Journal of Resources and Ecology >
Research Methodology for Tourism Destination Resilience and Analysis of Its Spatiotemporal Dynamics in the Post-epidemic Period
Received date: 2020-09-06
Accepted date: 2021-01-05
Online published: 2021-11-22
Supported by
The Major Project of Beijing Social Science Foundation(19ZDA11)
As the COVID-19 pandemic continues to spread, the global tourism industry is facing enormous challenges. There is an urgent need to explore an effective path for tourism to recover and revitalize.

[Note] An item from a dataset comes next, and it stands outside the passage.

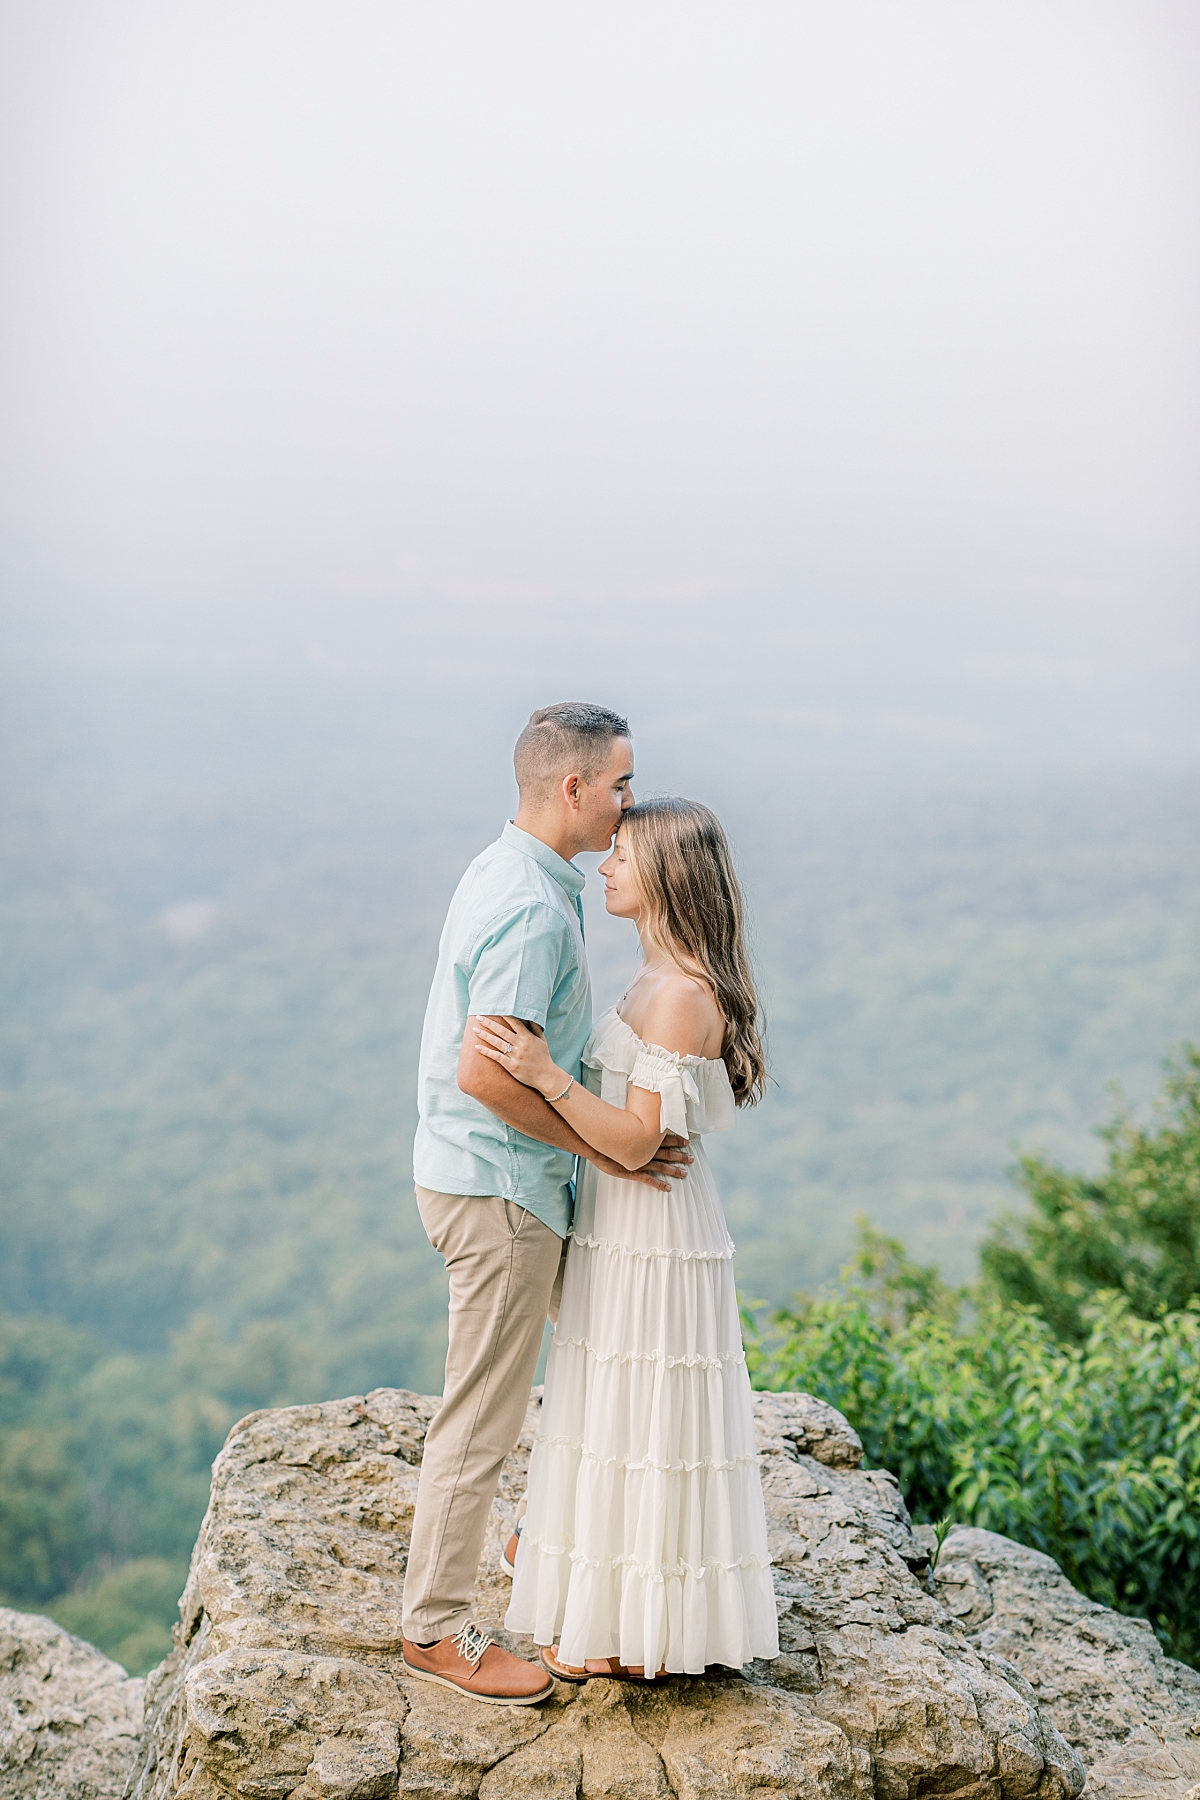 Engagement photo of a couple at Hawk Mountain Sanctuary in PA. The couple stands on rocks with a beautiful view as the groom kisses the bride's forehead

With the normalization of the epidemic, tourism destinations will pay more attention to the prevention, warning, and coping strategies of the epidemic, and this focus will also be evident in the study of tourism destination resilience in the post-epidemic period. Some studies on the epidemic and the resilience of tourism are currently underway, but few of them are integrated with research on the resilience of tourism destinations in the post-epidemic period, although no systematic research ideas or methods have been found. Based on resilience theory, this paper summarizes the general research ideas and develops an epidemic resilience model suitable for urban tourism destinations. The present study also proposes a set of research methods based on the index system to analyze the resilience and its spatiotemporal dynamic characteristics of tourism destinations in the post-epidemic period. The methodology can be divided into three stages: Firstly, construct the conceptual model and evaluation system for tourism destination resilience; Secondly, select case sites for empirical analysis, measure the resilience of tourism destinations, and analyze the characteristics of spatiotemporal differences and subsequent factors of influence; And finally, establish an adaptive management mechanism for tourism destinations to use in response to the epidemic and in guiding the formulation of post-epidemic recovery policies.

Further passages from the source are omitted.